PLCNA is a disease that occurs predominantly in women, with a mean age at diagnosis of 60 years.1 It has sometimes been described in association with systemic diseases such as Sjögren syndrome,2 diabetes mellitus, or CREST syndrome.3 It manifests as waxy nodules that are usually solitary or localized or, less commonly, disseminated.4 It tends to affect acral areas, the most common site being the lower limbs, followed by the face and trunk. Histopathological findings are indistinguishable from those of primary systemic amyloidosis or myeloma-associated amyloidosis.5 Immunohistochemical staining may show the presence of immunoglobulin light chains in the amyloid or in the cytoplasm of plasma cells.

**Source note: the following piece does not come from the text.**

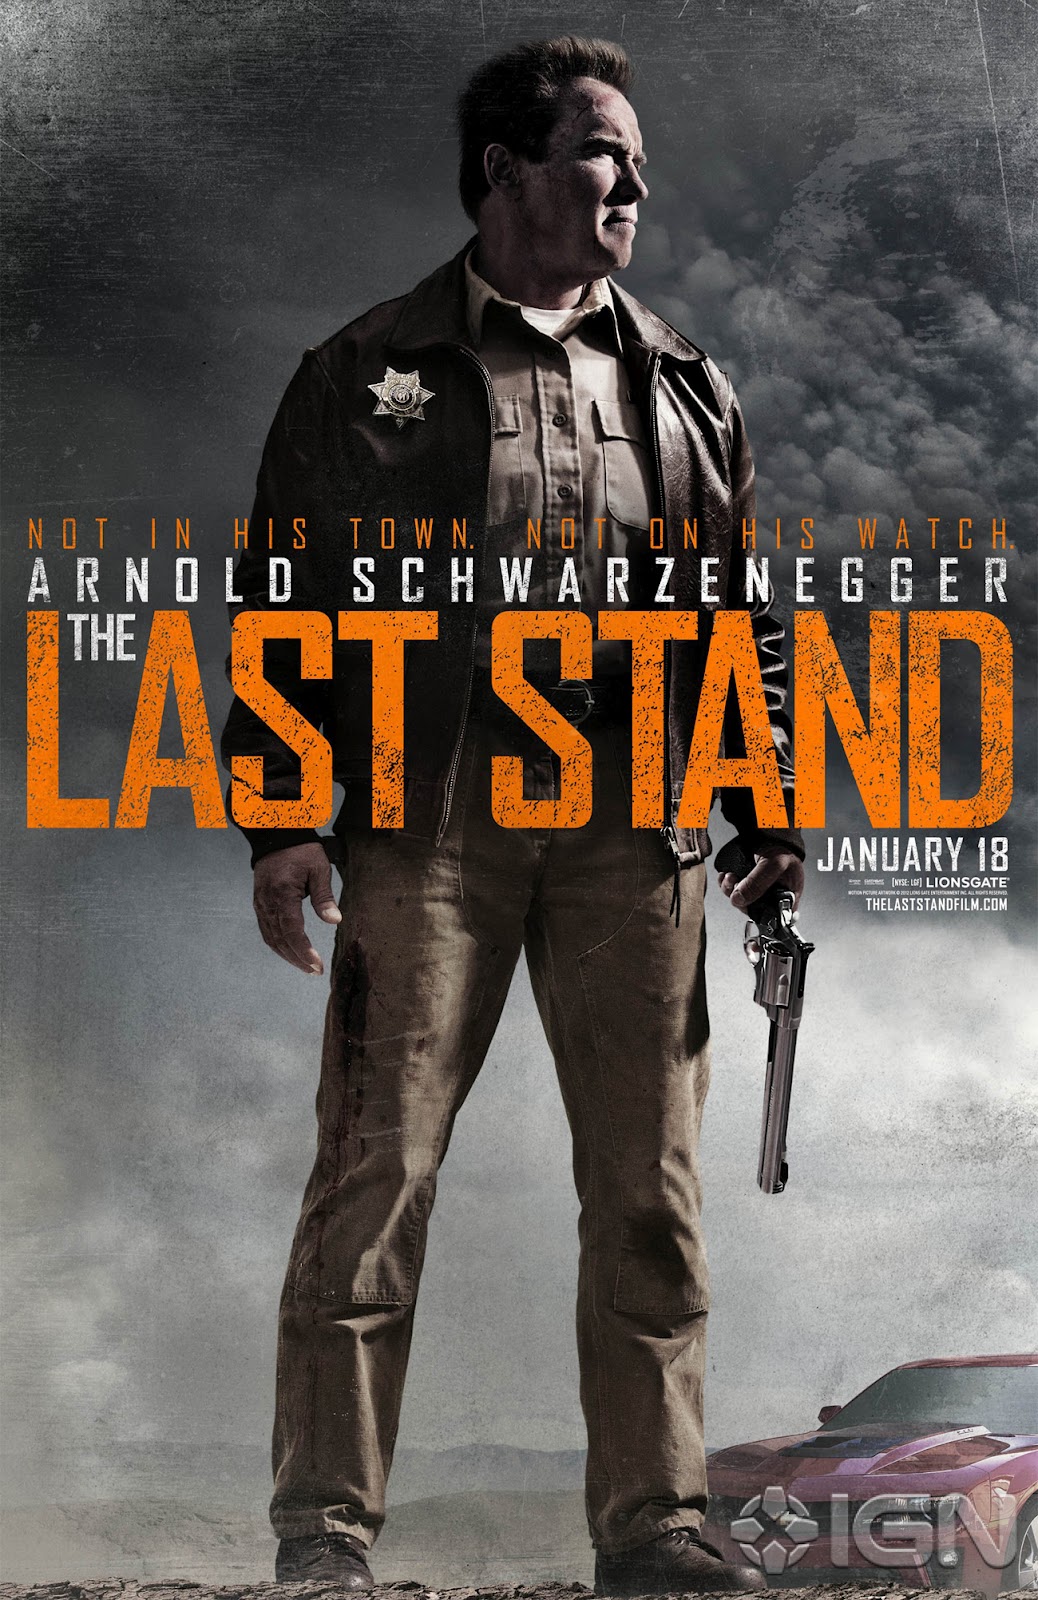 http://2.bp.blogspot.com/-N5_uT97ETaQ/UCrG-bAr6kI/AAAAAAAA4RE/3sAtjmZLr4c/s1600/Arnold_Schwarzenegger-The-Last-Stand-Poster.jpg

Based on the demonstration of clonality of the plasma cell infiltrate in the skin using gene rearrangement techniques and on the absence of clonal rearrangement in bone marrow, some authors have suggested that PLCNA should be considered an extramedullary plasmacytoma that produces localized amyloid deposition.6 Extramedullary plasmacytomas are plasma cell neoplasms that arise in any organ except bone marrow; they are able to produce an M-component in the serum in up to 20% of cases.7 Extramedullary plasmacytomas that initially do not produce the M-component in serum progress to multiple myeloma in 20% of cases.8

In our patient, there was a monoclonal infiltrate of plasma cells that synthesized λ chains and produced the amyloid deposits in the skin, and a finding of a monoclonal IgG(κ) band and oligoclonal λ bands in the serum. This suggests a biclonal gammopathy (the presence of 2 monoclonal components in serum), which has been observed in approximately 3% of MGUS.9

The appearance of paraproteinemia in cases of PLCNA has rarely been described in the literature, though it should always be investigated at the initial assessment. In the cases in which it has been observed, it was generally associated with an advanced stage of the disease, and may indicate progression to systemic amyloidosis.10

The risk of progression to systemic amyloidosis in PLCNA has been well defined by several authors. Since 1970, the risk has been established at around 50%. However, in 2001, Woollons and Black5 observed only 1 case of progression to systemic amyloidosis in a series of 15 patients with PLCNA, in addition to high immunoglobulin concentrations in 40% of cases. In 2003, Moon et al.10 obtained similar results after 10 years of follow-up in 16 patients with PLCNA and reported progression in the only patient presenting with paraproteinemia at the time of diagnosis.

Despite its generally benign course, it is important to follow-up these patients closely, especially in cases associated with paraproteinemia, to monitor for possible progression to systemic amyloidosis and to exclude plasma cell dyscrasias.